The new app brings with it a new icon. Since the early days, YouTube always rocked the black You, followed by the white Tube in a rounded red rectangle. Now, the logo features a red play button—the company's most iconic signifier—next to the word YouTube.

On desktop, the new design updates the look more than it changes the experience. Instead of the white boxes on gray backgrounds, you choose between a clean white display or a new dark, cinematic theme, each with new, simplified typography. The whole page breathes a little better than before, and the new look hues to Google's Material Design guidelines.

The whole point of the redesign is to take YouTube out of your experience on YouTube. You should be focused only on the video you're watching, not the UI around it or the recommendation engine behind it. (Definitely not the server load you're causing with a 40th view of "Look What You Made Me Do.") These changes feel like a real step in that direction.
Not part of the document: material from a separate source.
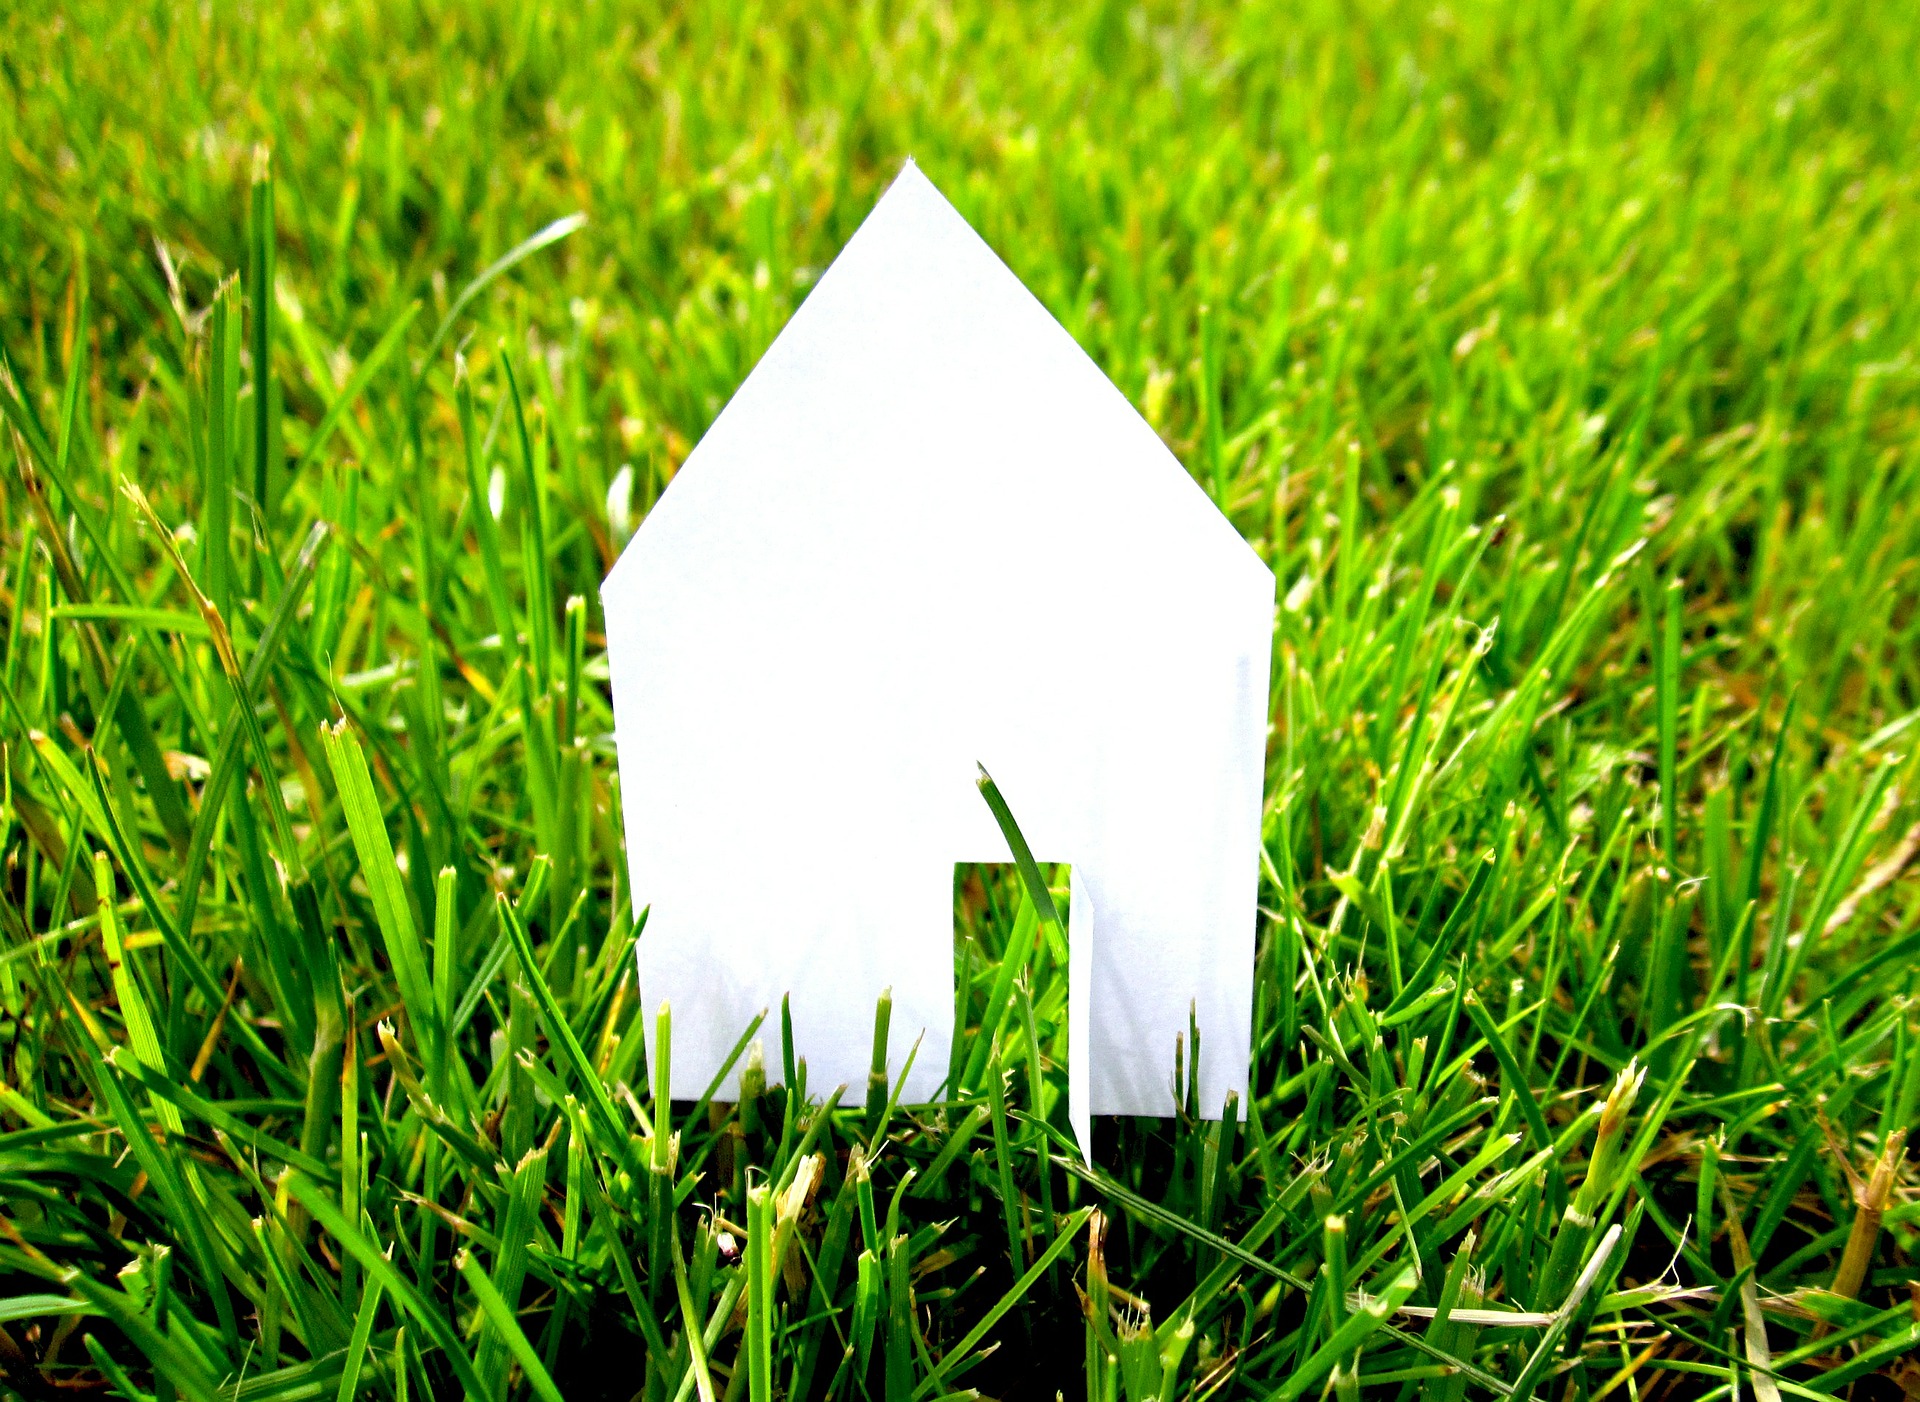 A white paper house in a green, grassy field; our Conveyancing solicitors discuss whether you should use the conveyancing solicitor recommended by your estate agent.

It gets the cruft out of the way, makes more kinds of videos feel native, and even helps you find new stuff to watch. Throw on Dark Theme, and undead T-Swift feels even more dramatic.

YouTube says the new products are built on a new framework that enables the team to build new stuff even faster. Given that everything about video changes constantly, they'll need to. People are recording, streaming, watching, commenting, and searching in new ways. YouTube can only be the biggest thing in online video as long as it can keep up.